**What you need to do:** Would you restate all of the entries verbatim, minus any images?

**Input:**
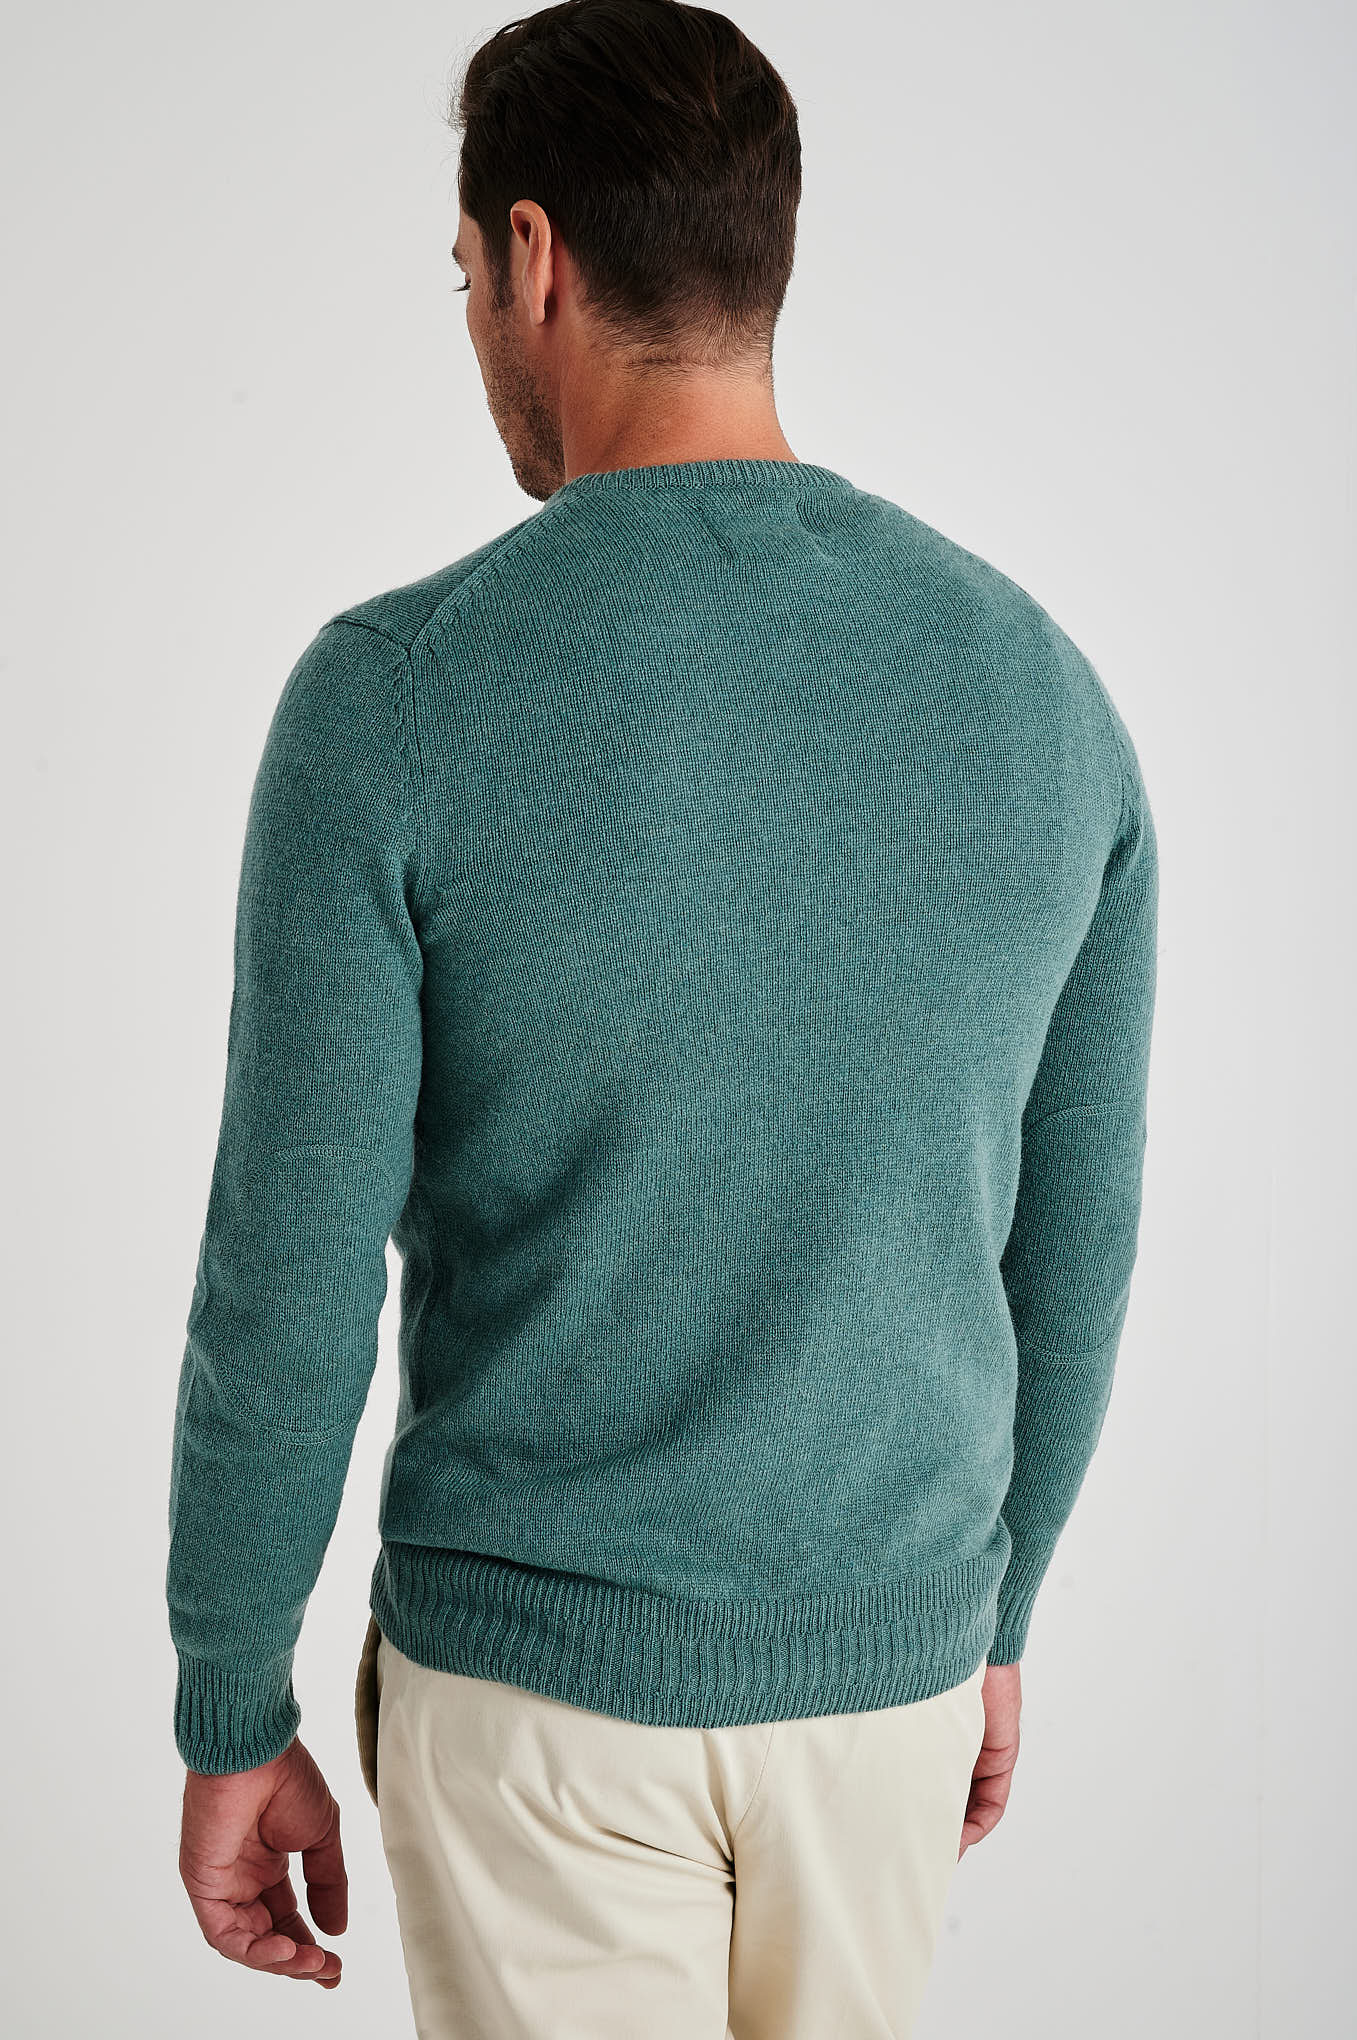 Sweater Teal Casual Man
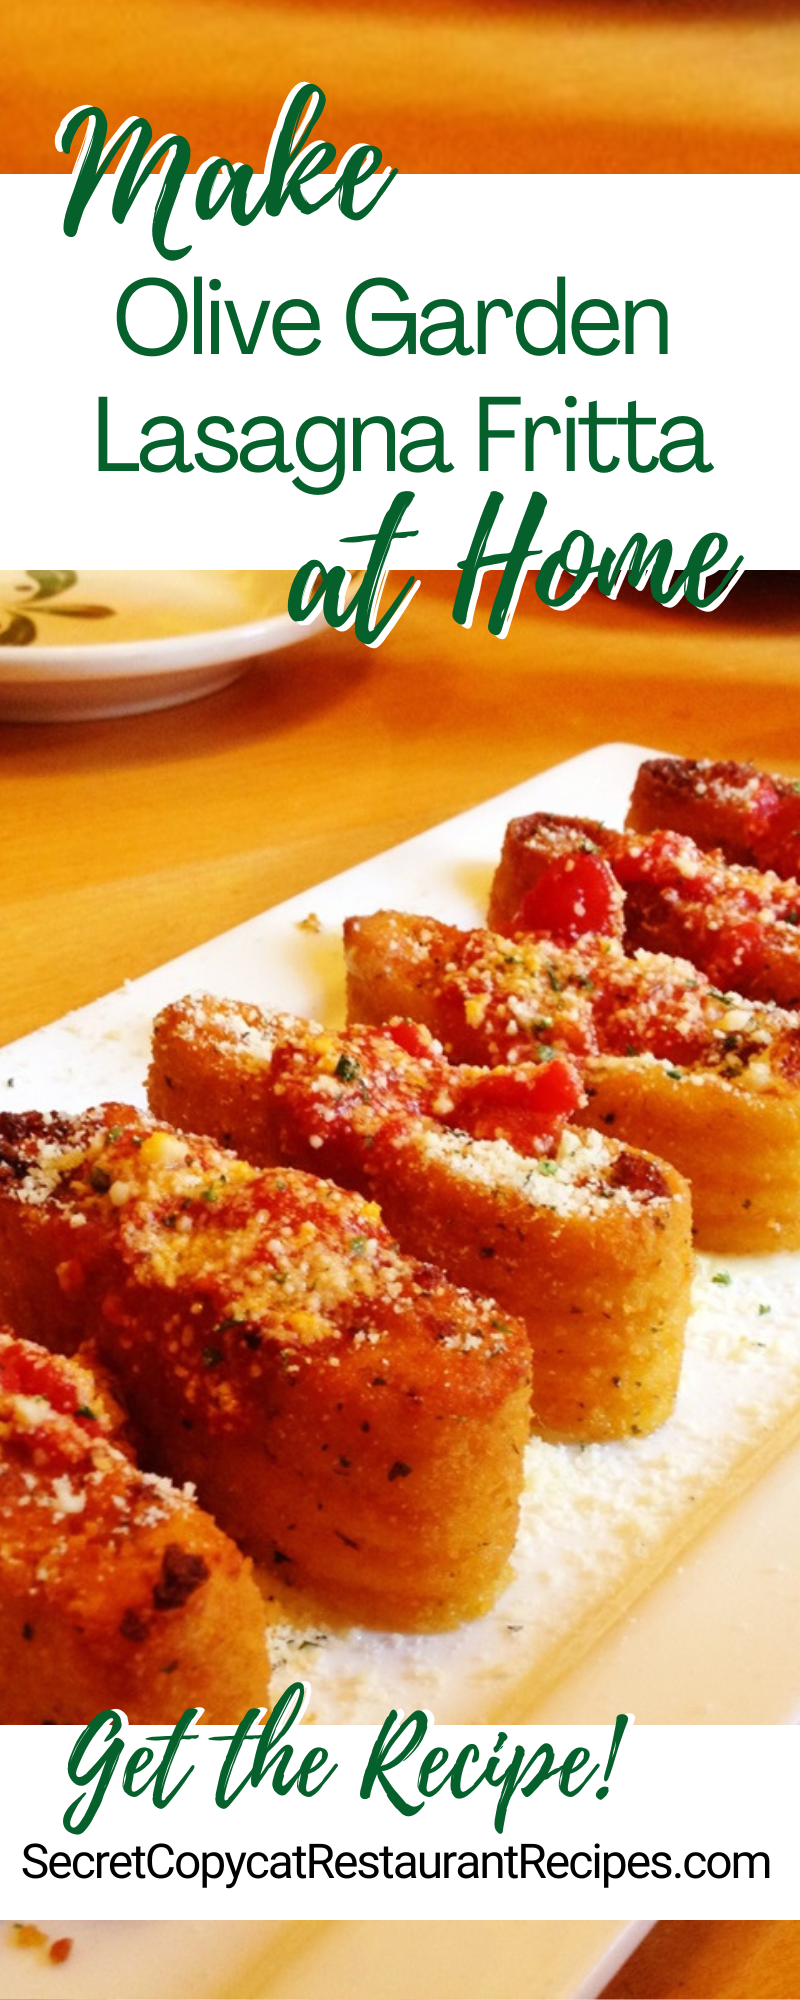 Olive Garden Lasagna Fritta Recipe - Secret Copycat Restaurant Recipes
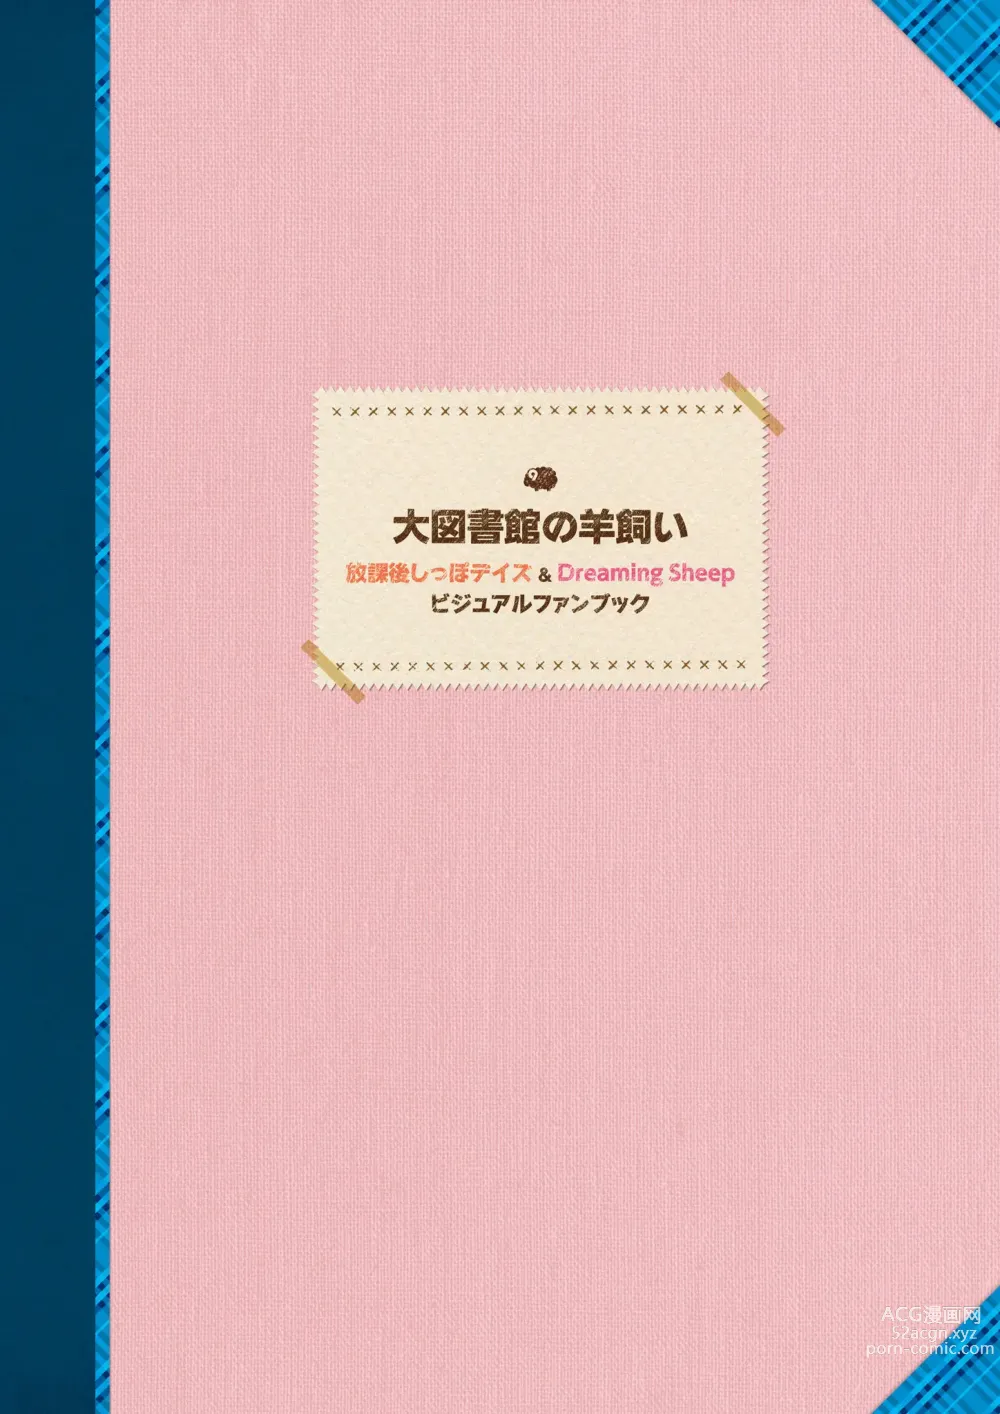 Page 5 of manga Daitoshokan no Hitsujikai Visual Fan Book Houkago Shippo Days & Dreaming Sheep Visual Fan Book
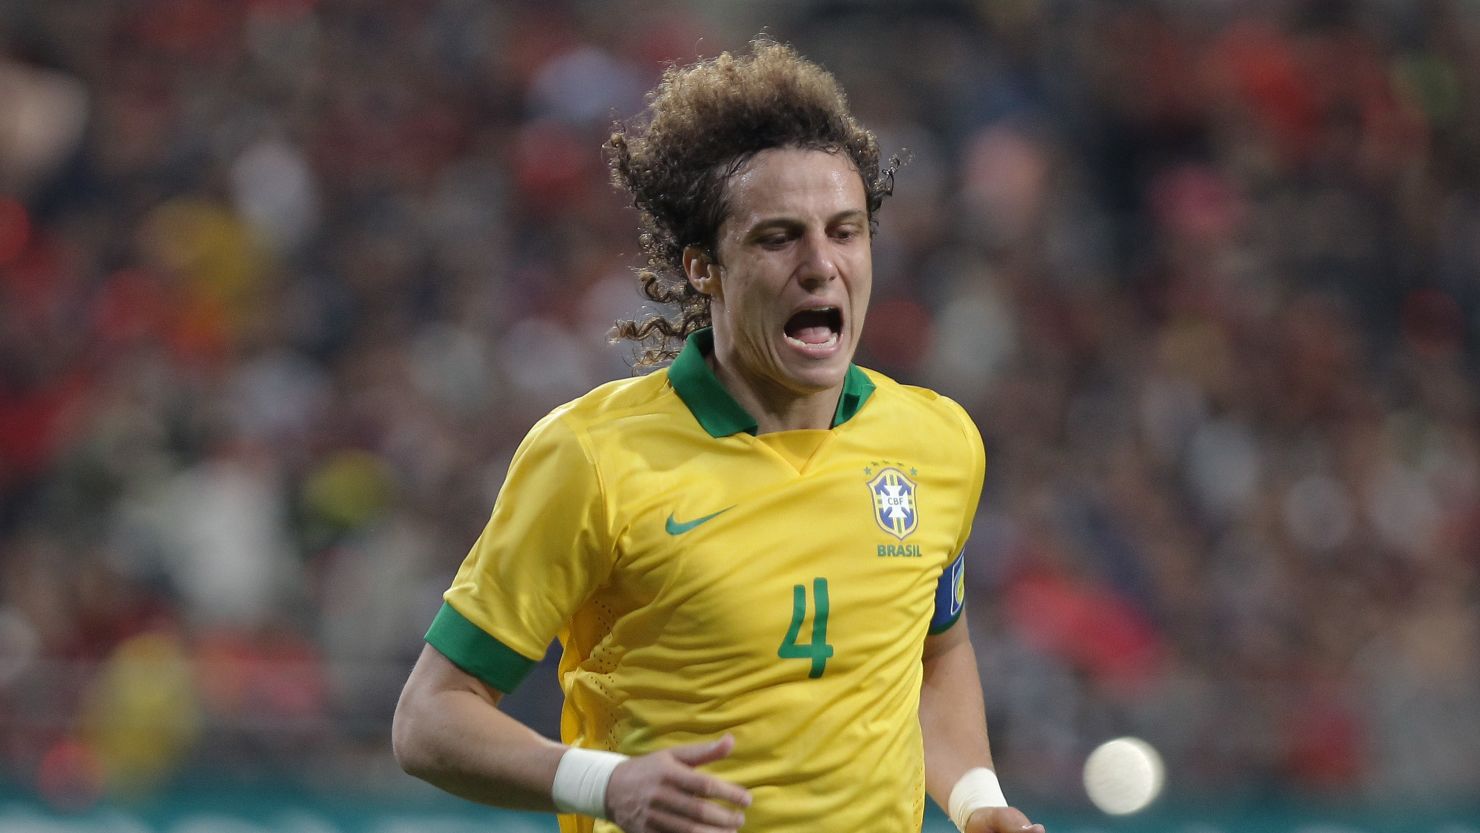 Chelsea have agreed to sell David Luiz to Paris Saint Germain.
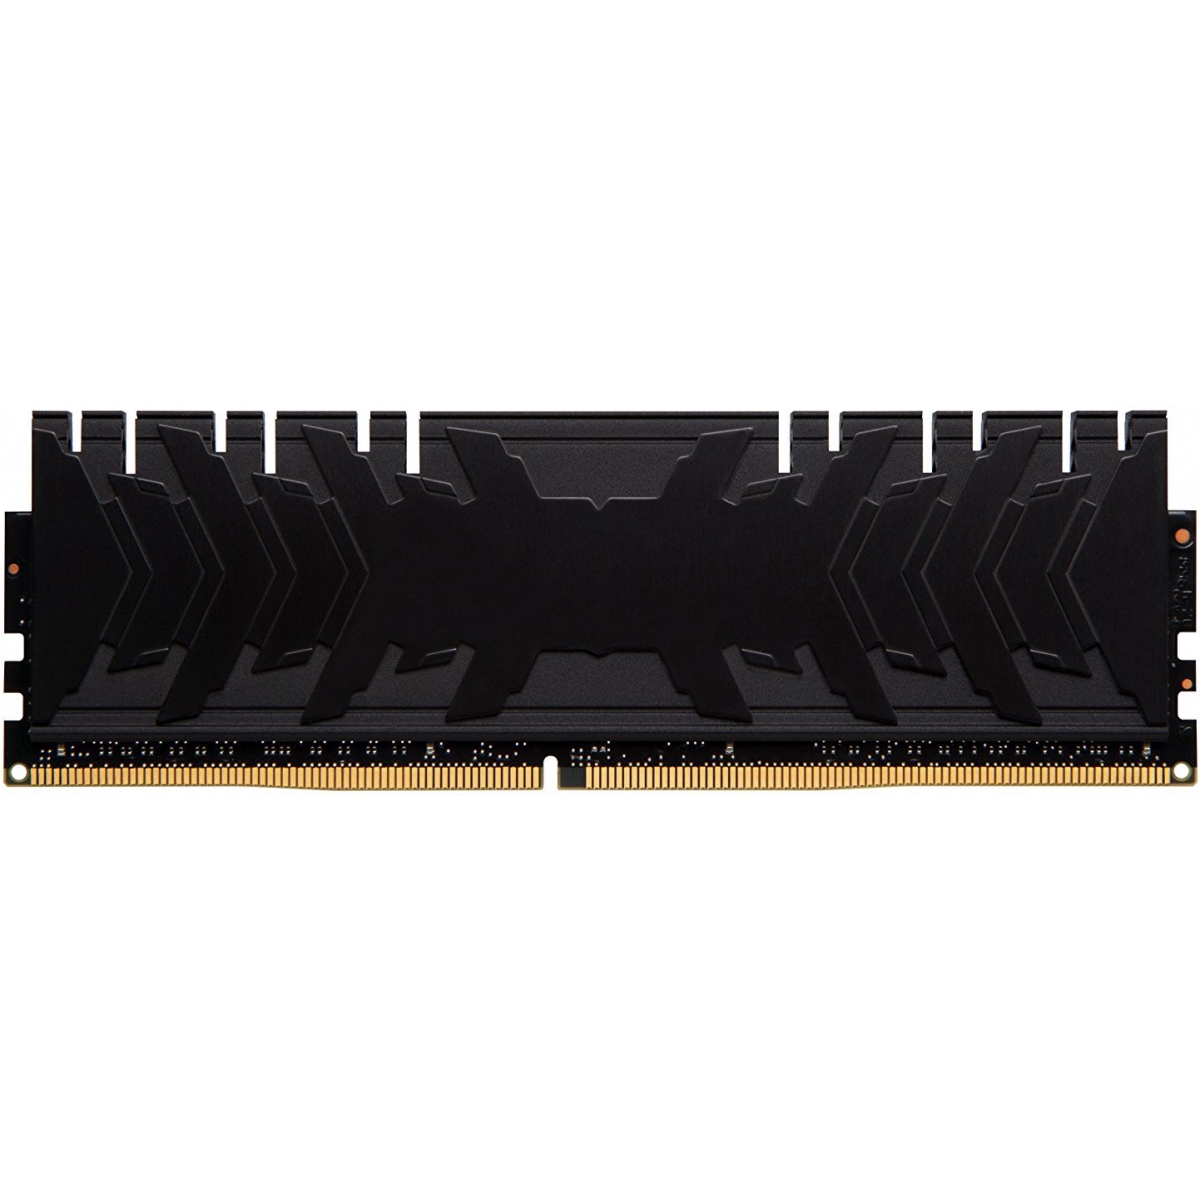 Memória DDR4 Kingston HyperX Predator, 8GB 2400MHZ, HX424C12PB3/8

**Your response:**
 Sweater Teal Casual Man
 Olive Garden Lasagna Fritta Recipe - Secret Copycat Restaurant Recipes
 Page 5 of manga Daitoshokan no Hitsujikai Visual Fan Book Houkago Shippo Days & Dreaming Sheep Visual Fan Book
 Chelsea have agreed to sell David Luiz to Paris Saint Germain.
 Memória DDR4 Kingston HyperX Predator, 8GB 2400MHZ, HX424C12PB3/8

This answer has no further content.